In the late TPN cohort fluid administration was started at 80–120 ml/kg/day and increased by 20 ml/kg/day to a maximum of 160 ml/kg/day. Preterm infants received glucose with calcium intravenously for approximately the first 36 hours after birth. Thereafter, depending on the infants' condition, and renal and liver functions, infusion of glucose with minerals was started or TPN, including glucose, amino acids, lipids, and minerals. When glucose with minerals was started, this was as soon as possible replaced by TPN. Glucose with minerals and the amino acid infusion of TPN both contained sodium and potassium.

In the early TPN cohort fluid administration started at 60–80 ml/kg/day increasing by 20 ml/kg/day to a maximum of 150 ml/kg/day. Furthermore, TPN was started as soon as possible after birth, resulting in an administration of sodium and potassium generally within the first postnatal hour.

In both cohorts minimal enteral feeding was started in the first day after birth.

Data Collection

The following demographical and clinical characteristics were collected from medical records: gender, gestational age, birth weight, intrauterine growth retardation (IUGR, birth weight <3rd percentile), (use of) antenatal steroidş multiple gestation, and Apgar score at 5 minutes. From the first three days after birth data were collected on use of antibiotics, placement of umbilical arterial lines, volume expansion with normal saline (NaCl 0.9%), albumin, fresh frozen plasma, or pasteurised plasma protein solution, sodium bicarbonate administration, and erythrocyte transfusions. CRIB (Clinical Risk Index for Babies) scores were calculated for each infant by adding up the individual scores of six parameters (birth weight, gestational age, congenital malformations, maximum base excess in the first 12 hours after birth, and minimum and maximum fraction of inspired oxygen in the first 12 hours after birth).[24]

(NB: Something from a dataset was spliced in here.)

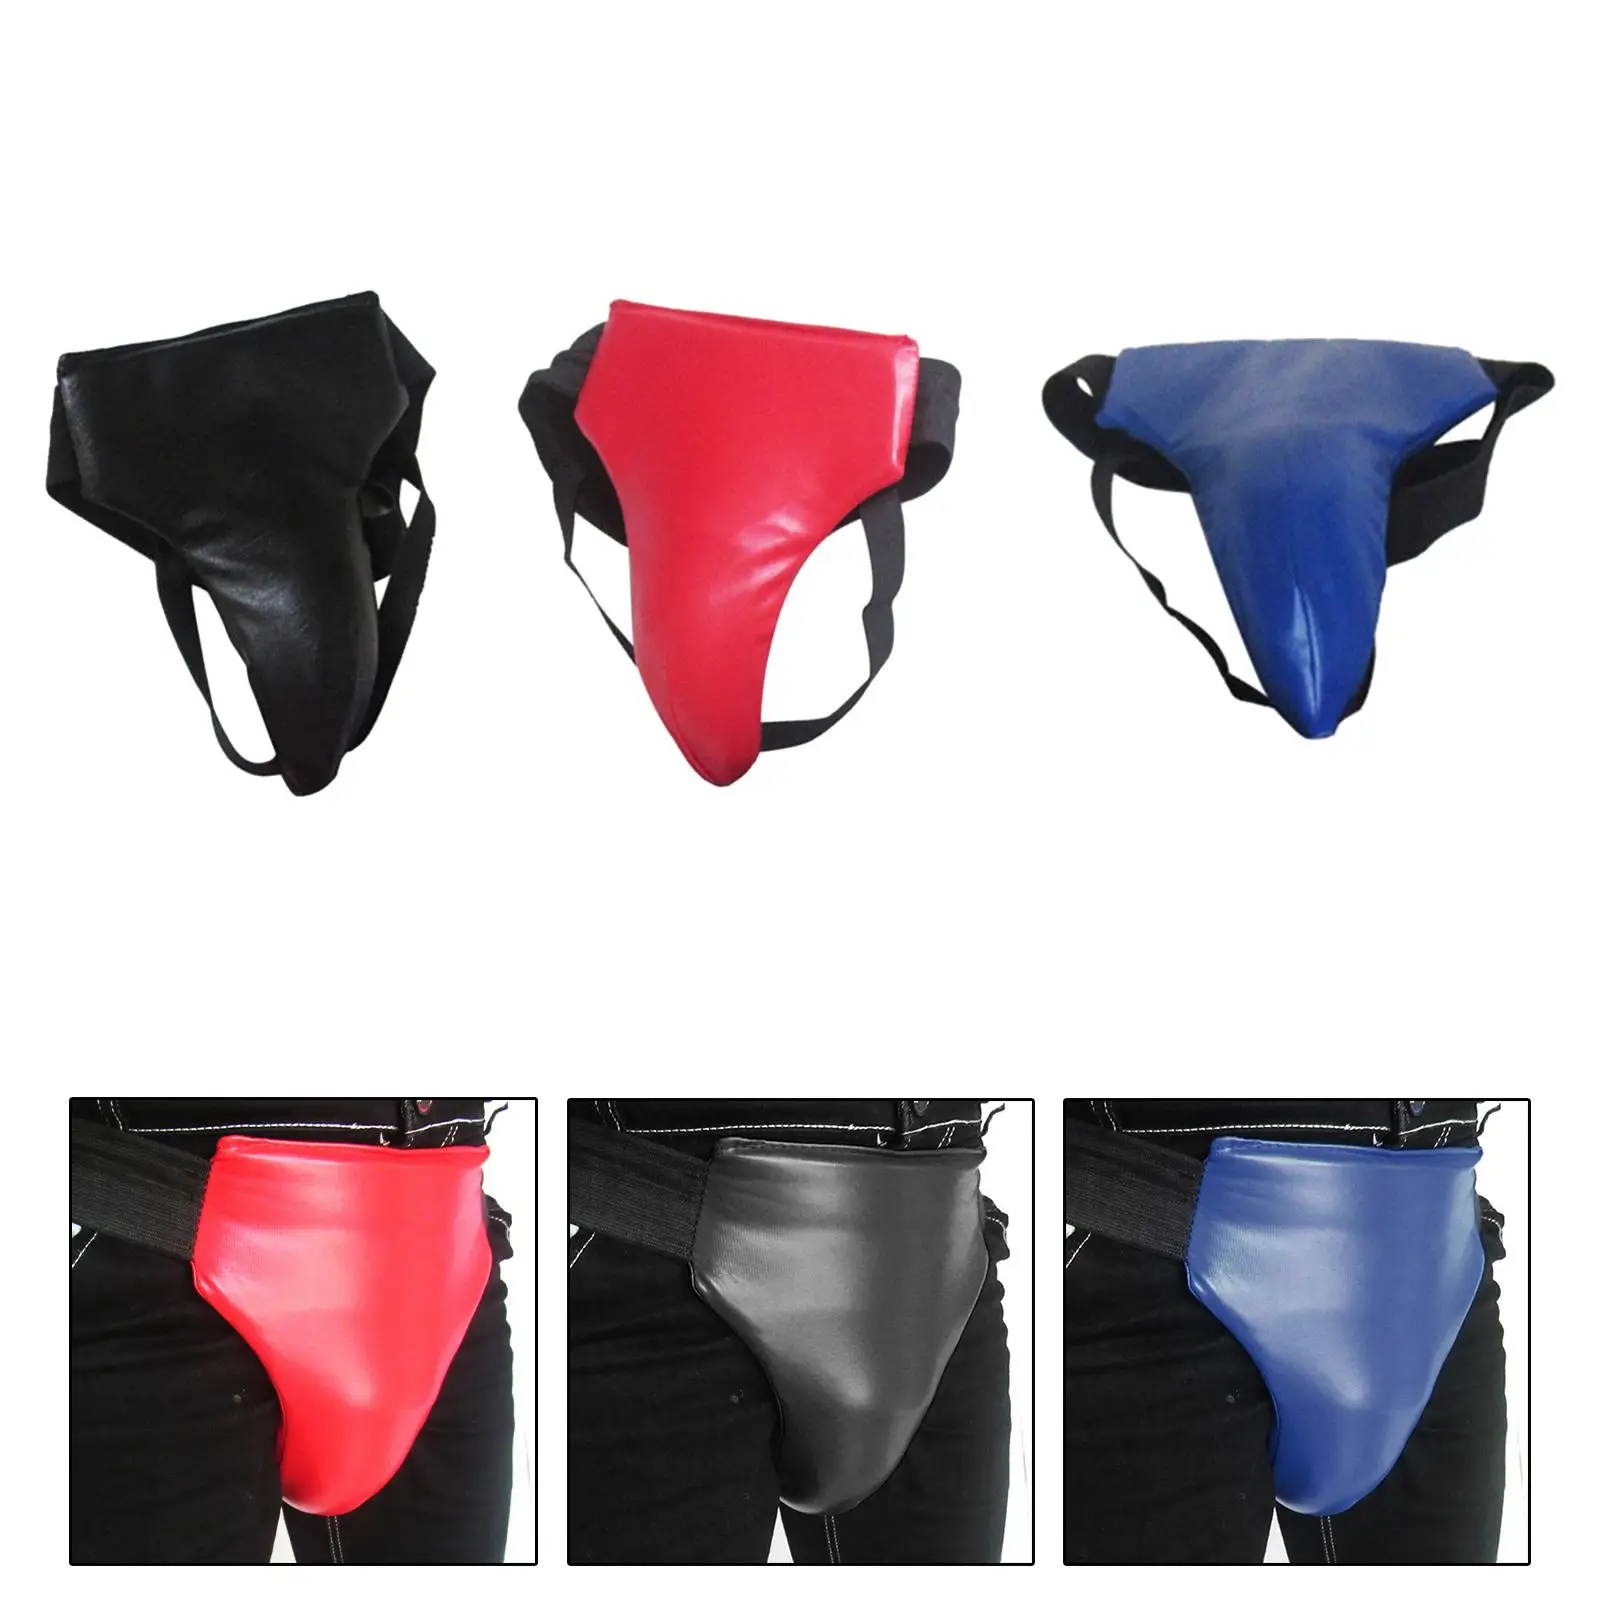 Taekwondo Groin Protector Safety Cup Pocket Training Equipment Groin Protector Cup for Sanda Sports Grappling Kickboxing Karate

Outcome variables included serum sodium and potassium levels in the first three days of life. Serum concentrations of both electrolytes were noted starting from 6 hours after birth and noted every 6 hours, resulting in 12 measurements in the first 72 hours after birth. We defined hypernatraemia, hyponatraemia, hyperkalaemia, and hypokalaemia as respectively: serum sodium ≥150 mmol/l, serum sodium ≤130 mmol/l, serum potassium ≥6.5 mmol/l, and serum potassium ≤3.5 mmol/l, at least once during the first three days of life.

Data were collected on urine output in the first three days after birth and body weight on postnatal days 1, 2, 3, 14, and 21. Changes in body weight as percentage of birth weight were calculated. Other clinical outcomes recorded included: need and duration of mechanical ventilation, surfactant treatment, patent ductus arteriosus, necrotising enterocolitis, intraventricular hemorrhage, cystic periventricular leucomalacia, and retinopathy of prematurity. Most preterm infants are already transferred to regional district hospitals with special care units before they have reached the postnatal age of 36 weeks. We did not record the incidence of bronchopulmonary dysplasia as different policies of respiratory support and oxygen therapy would lead to a major bias in comparing the incidence between both cohorts.

The actual total daily fluid intakes during the first three postnatal days were noted and compared with those prescribed in the guidelines.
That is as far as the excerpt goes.